Strategic Planning Under Persistent Inflation Uncertainty
A new It's A Working Title white paper argues that a scenario-based approach to strategy is essential for the luxury industry in a turbulent market environment
In our latest white paper, the IWT Markets team at It’s A Working Title argues that the luxury industry faces a set of challenges that are unique among retail sectors in managing inflation volatility.
The level of inflation matters less for luxury planning than its volatility. Economies and firms can adapt to inflation that is high or low, provided it is stable, because stable conditions can be priced into plans. What they struggle to absorb is inflation that moves.
The past eighteen months have given luxury a concentrated version of this problem: gold rose by more than half over 2025 and peaked above five thousand four hundred dollars an ounce in January 2026, US tariffs reset landed costs mid-cycle, and wages, logistics and financing costs shifted at different speeds across markets. No single pressure would have overwhelmed the industry. Their combination—and the speed at which each can change—has made planning assumptions expire faster than the plans built on them.

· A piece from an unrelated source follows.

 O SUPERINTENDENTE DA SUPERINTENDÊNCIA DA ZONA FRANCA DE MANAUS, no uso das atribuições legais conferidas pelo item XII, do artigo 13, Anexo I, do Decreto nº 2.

Luxury is uniquely exposed to this dynamic. In luxury, price is not simply a commercial variable; it is part of the product, communicating scarcity, craft, and position, and it moves in practice in only one direction. A consumer goods company facing volatile costs can raise prices, lower them and discount as conditions change. A luxury house cannot do this without eroding the desirability that justifies the price, so an increase, once taken, is difficult to reverse. Nor do the inputs offer relief: gold cannot be substituted, artisan labour cannot be scaled on demand, and heritage production cannot be relocated to follow a tariff. The industry is absorbing volatile costs through one of the least flexible pricing models in the consumer economy.

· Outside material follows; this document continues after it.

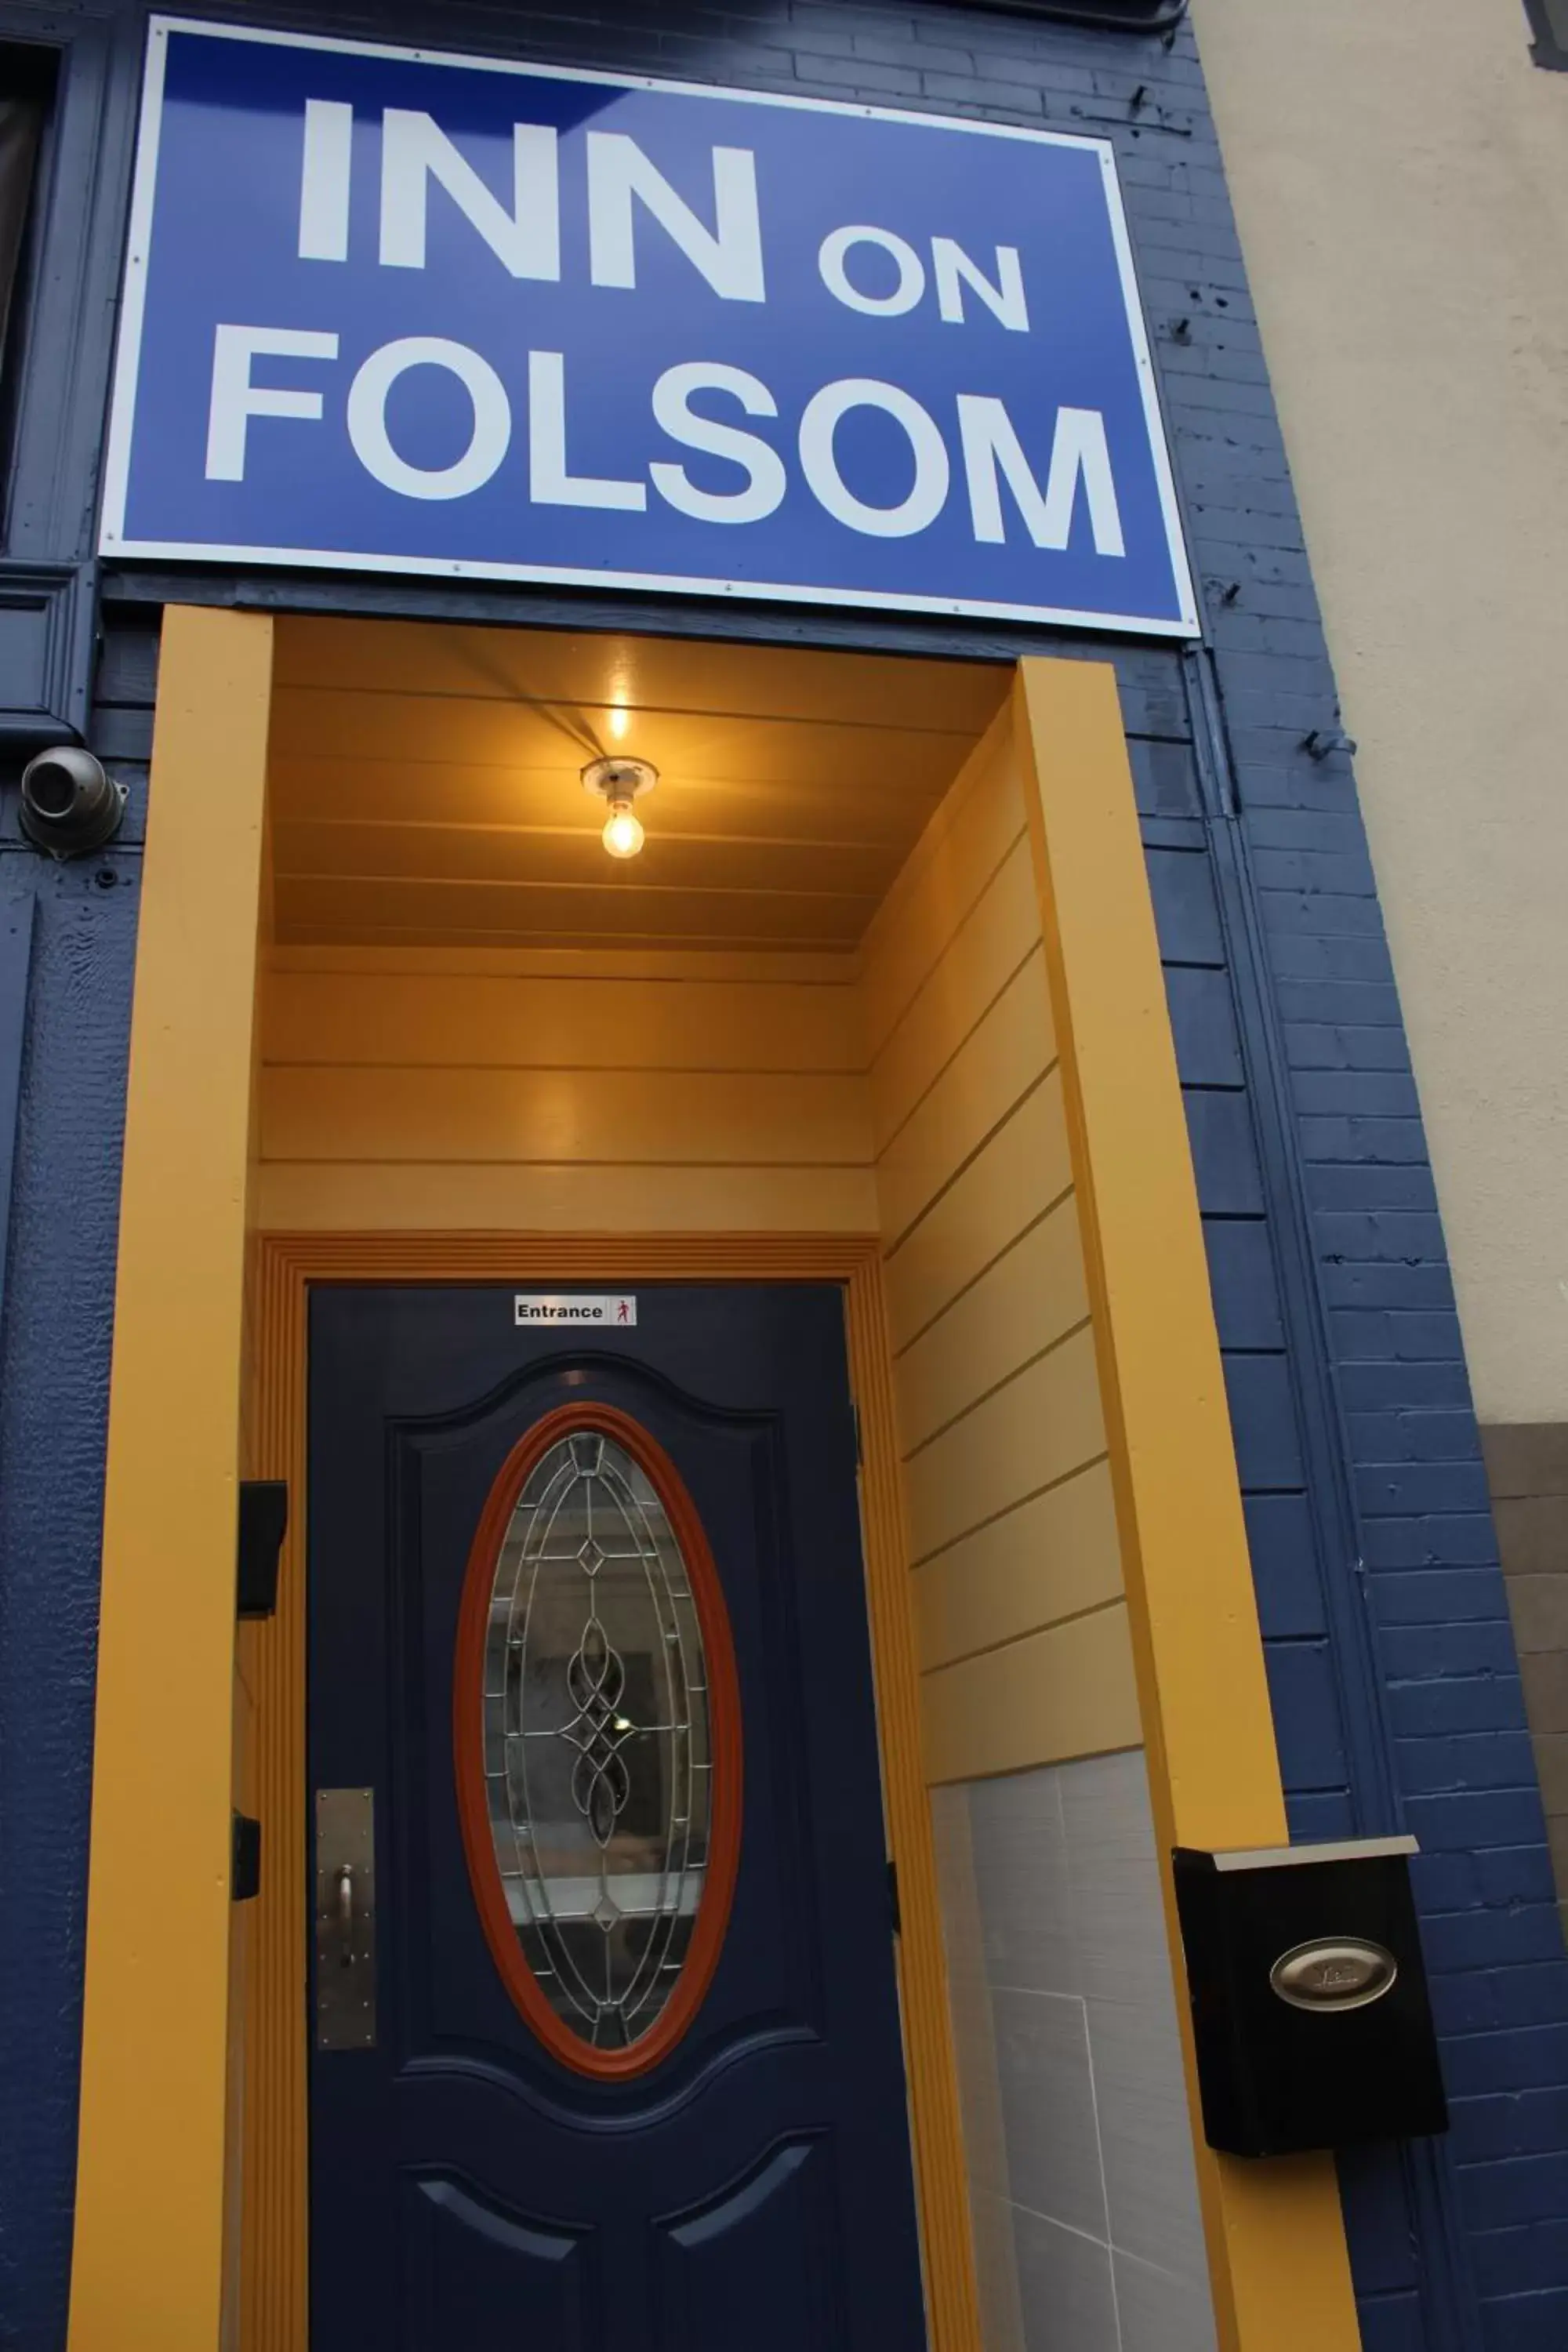 Facade/entrance in Inn on Folsom

This paper, entitled Strategic Planning Under Persistent Inflation Uncertainty: A Scenario-Based Approach for the Global Luxury Industry, argues that scenario planning, rather than point forecasting, is the way to set strategy in this volatile environment. The objective is not to predict where inflation settles, but to understand the operational implications of several plausible paths before any of them arrives. This paper examines three: persistent cost pressure, a stagflationary combination of soft demand and sticky costs, and a rapid disinflation in which elevated price structures may need to be unwound. Each carries different implications for pricing governance, sourcing, allocation, and client strategy, and each can be distinguished in advance through specific signals, from precious-material prices and US tariffs to Swiss export data, Chinese confidence and the secondary market.
The broader message for enterprise luxury businesses is preparedness rather than prediction. Houses that have rehearsed alternative conditions respond faster and with more conviction when conditions change, and in a category where a mistimed pricing decision costs both margin and desirability, reaction time has become a genuine source of advantage.